1943–44 Ranji Trophy
- The Ranji Trophy
- Administrator: BCCI
- Cricket format: First-class
- Tournament format: Knockout
- Champions: Western India (1st title)
- Participants: 19
- Matches: 18
- Most runs: Vijay Merchant (Bombay) (553)
- Most wickets: Saeed Ahmed (Western India) (28)

= 1943–44 Ranji Trophy =

Indian cricket tournament

The 1943–44 Ranji Trophy was the tenth season of the Ranji Trophy. Western India won their only title defeating Bengal in the final.

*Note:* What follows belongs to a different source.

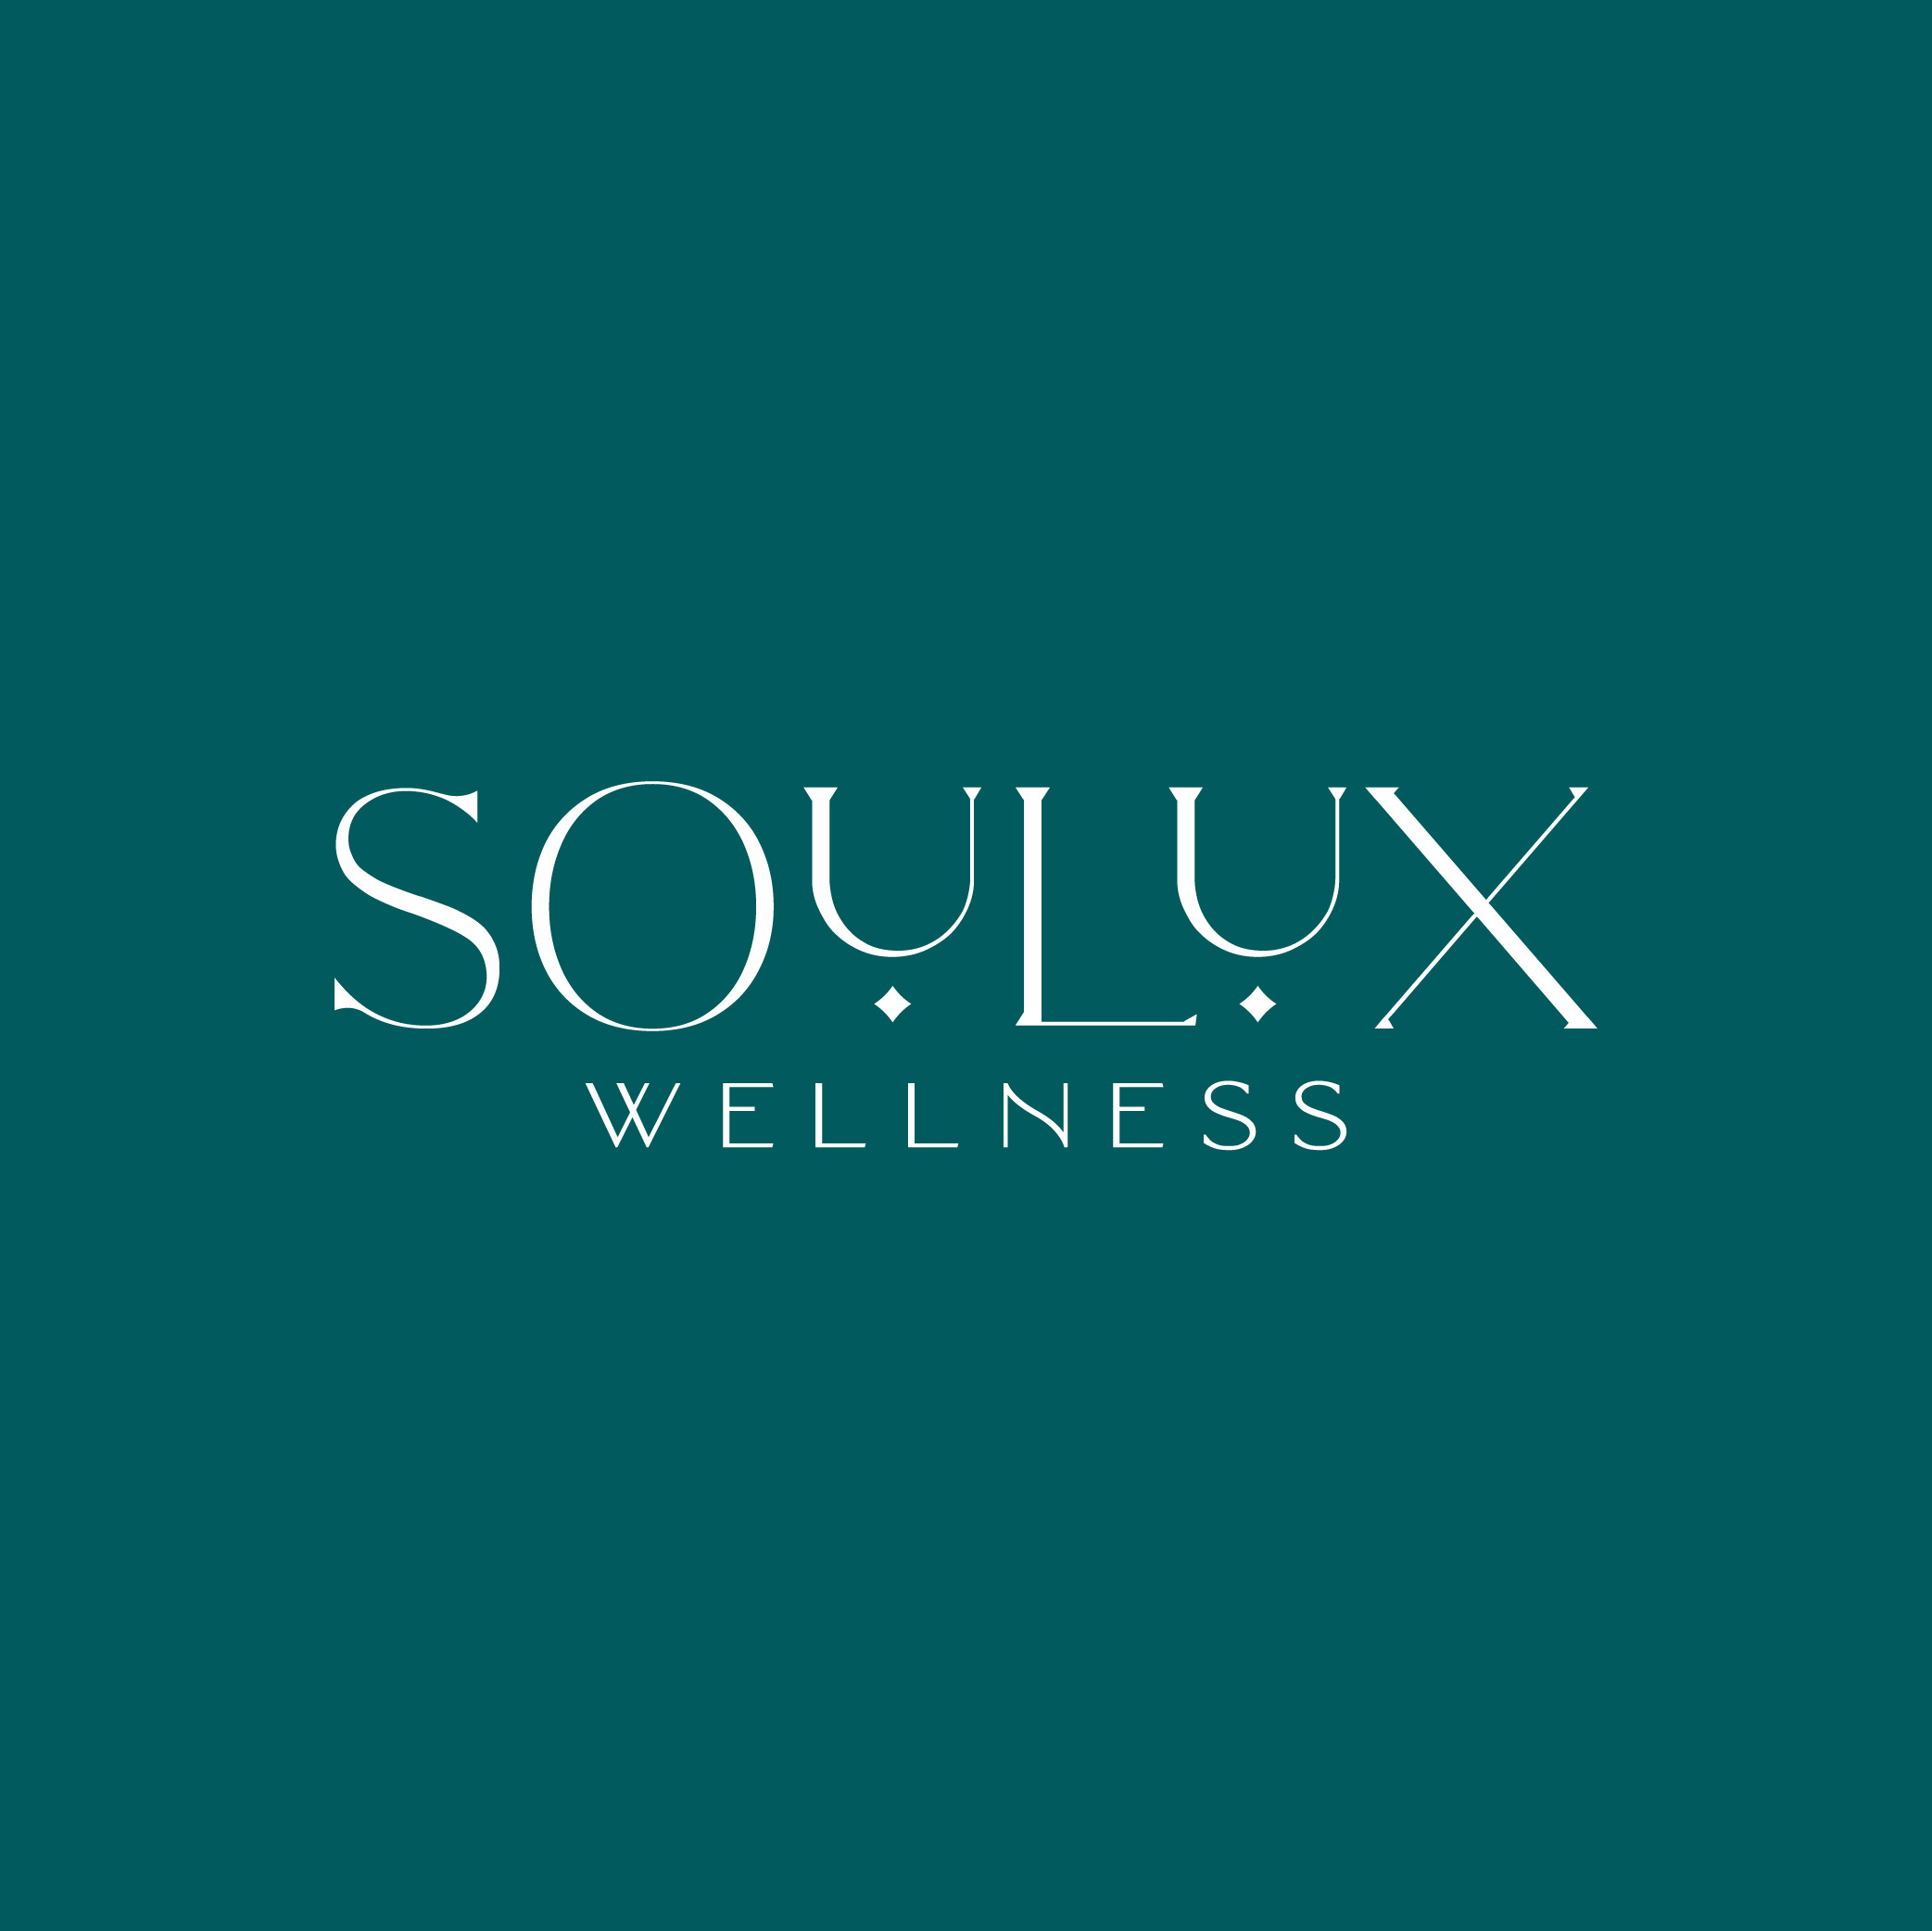 soulux wellness - Teabag Creations

This season could be considered as the arbitrary starting point of high scoring in Indian domestic cricket that would last till the end of the decade. In the final of the Bombay Pentangular in early December 1943, Vijay Merchant and Vijay Hazare scored 250* and 309. It was the prelude to Merchant setting a new Ranji and Indian first class record of 359* for Bombay against Maharashtra between 31 December 1943, and 2 January 1944, at the Brabourne Stadium in Bombay.

==Highlights==
- The Bombay-Maharashtra match set several national records.
- Bombay made 735, the highest score in Indian first class cricket bettering 703 by Bengal Cyclone XI in 1942-43. The previous Ranji record was 675 by Maharashtra v Bombay in 1940-41
- Vijay Merchant's 359* was the highest individual score in India. Vijay Hazare's 316* for Maharashtra v Baroda in 1939-40 was the previous Ranji and first class record.
- Merchant and Rusi Modi's partnership of 371 was a national record for the sixth wicket. As of 2014, it is bettered only by 417 between Wridhiman Saha and Laxmi Ratan Shukla for Bengal v Assam in 2010-11
- Vijay Merchant's season batting average of 276.50 is the highest by any batsman scoring over 500 runs.
- Herbert Barritt captained Western India to the title. He was the third Englishman to captain a Ranji winning team, after Bert Wensley of Nawanagar in 1936-37 and Tom Longfield of Bengal in 1938–39.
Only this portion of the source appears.